Globally, the International Energy Agency's downward revision in its demand outlook on Tuesday negated OPECs bullish oil demand outlook on Monday.

Although Russia has indicated support to extend production cuts of 1.8 million bpd by OPEC and non-OPEC beyond March 2018, the Kremlin is now reluctant to enshrine that in an agreement at the Nov. 30 OPEC meeting in Vienna because the Russians think that it's too soon to make that decision.

Bloomberg News reported that executives of Russian oil companies met with their energy minister Alexander Novak on Wednesday but they had mixed opinions about the idea of extending the production cuts. As a result, the market isn't certain that an extension of the oil production cuts will happen.

Since noncommercial traders are heavily weighted to the long side on NYMEX oil futures, some are looking to sell after recent multi-week highs, said analysts.

At 9 a.m.
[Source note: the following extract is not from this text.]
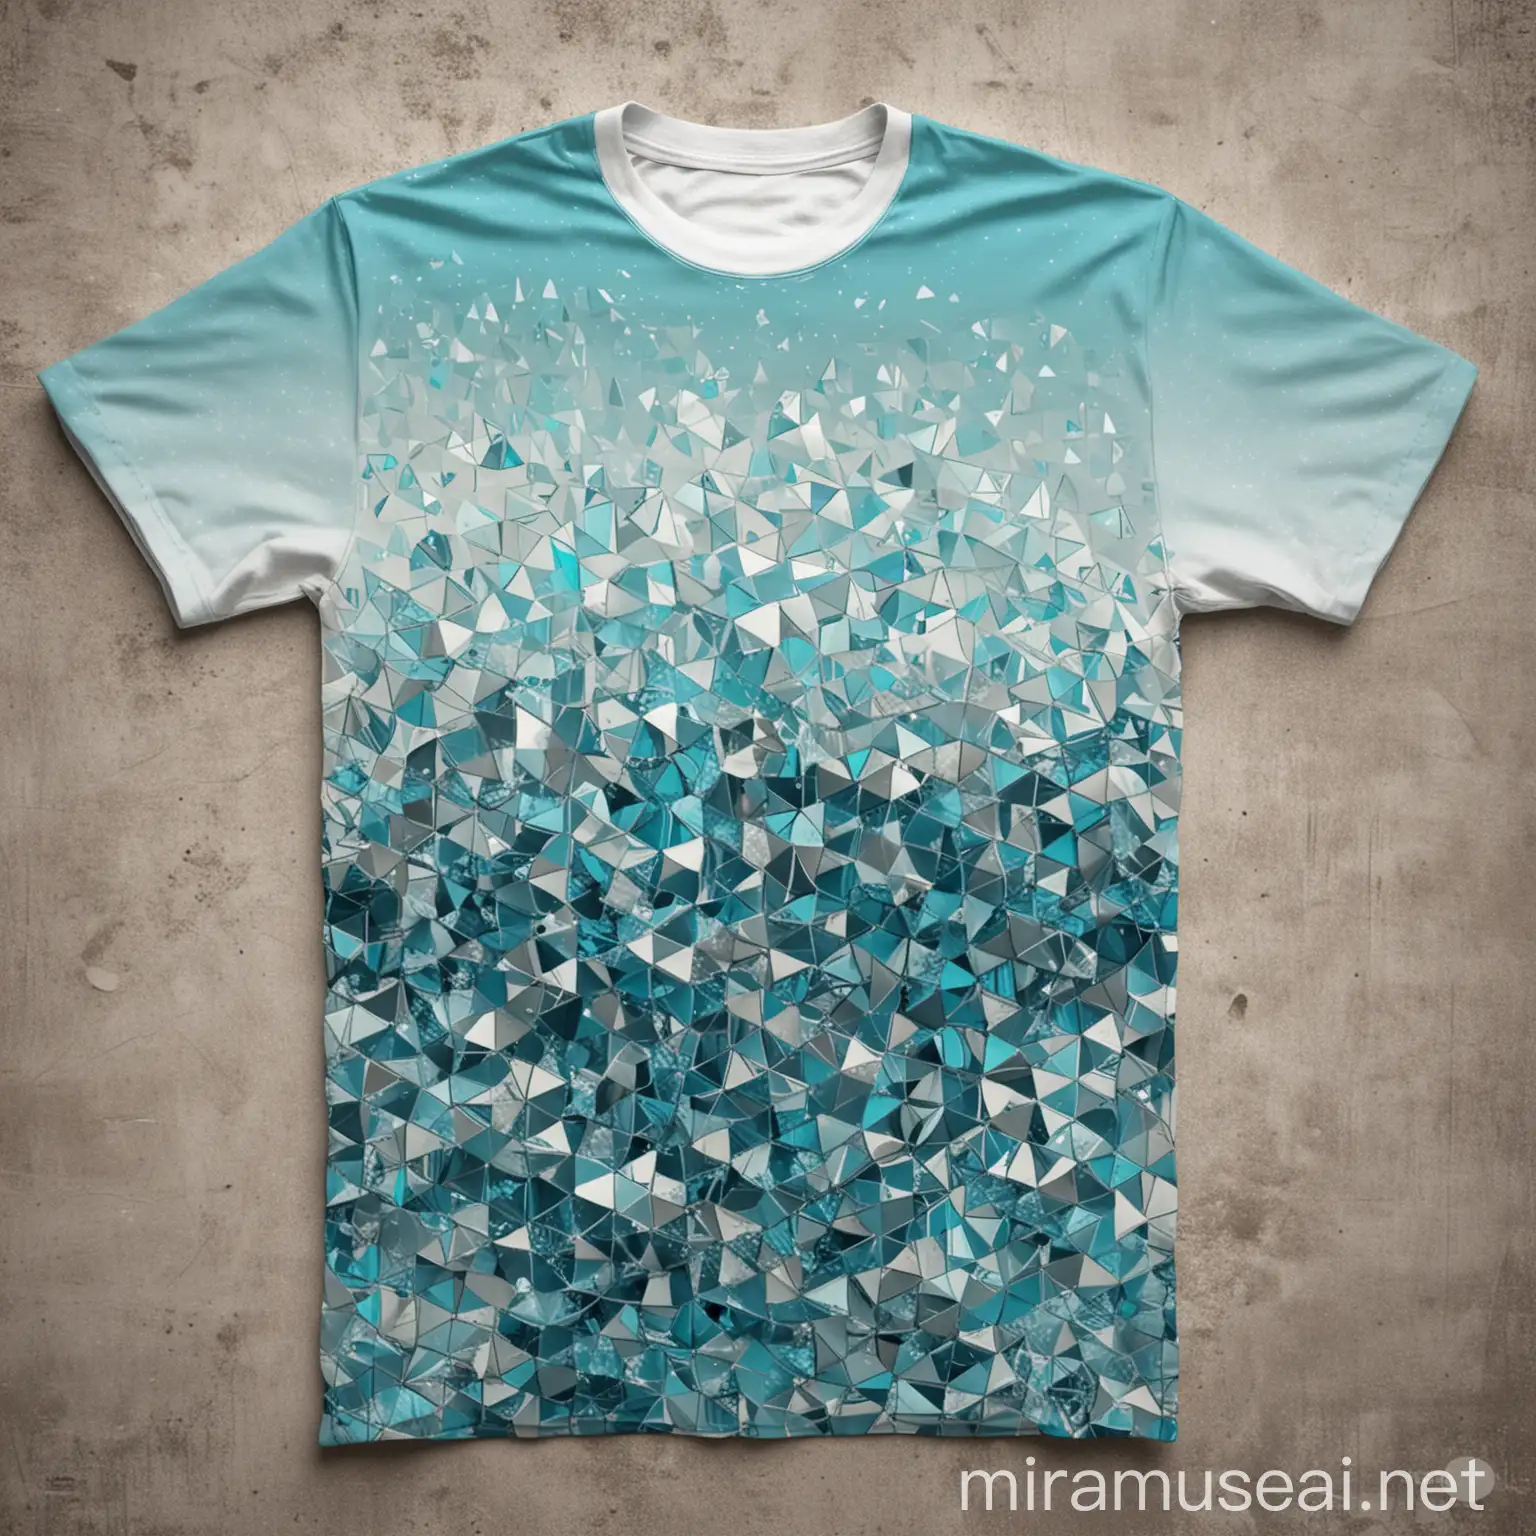 mockup tshirt, abstract, non symetrical, small sea, waves, triangles, rectangles, pattern, fractal art style, like a  broken glass,  blue, cyan, white, silver, gradient

EST, December West Texas Intermediate crude oil futures were down 18cts at $55.15 bbl, with the contract consolidating in front of it Nov. 20 expiration. Support is pegged at $54.17.

January Brent crude fell 32 cents to $61.55 bbl on the Intercontinental Exchange. NYMEX December ULSD futures was down 0.60 cent to $1.9027 gallon and December RBOB futures declined 1.21 cents to $1.7267 gallon, off a near three-week low of $1.7222.

The December RBOB contract's premium to the January contract is tight at 0.53 cent per gallon as seasonal demand wanes, with gasoline demand in January and February the weakest of the year.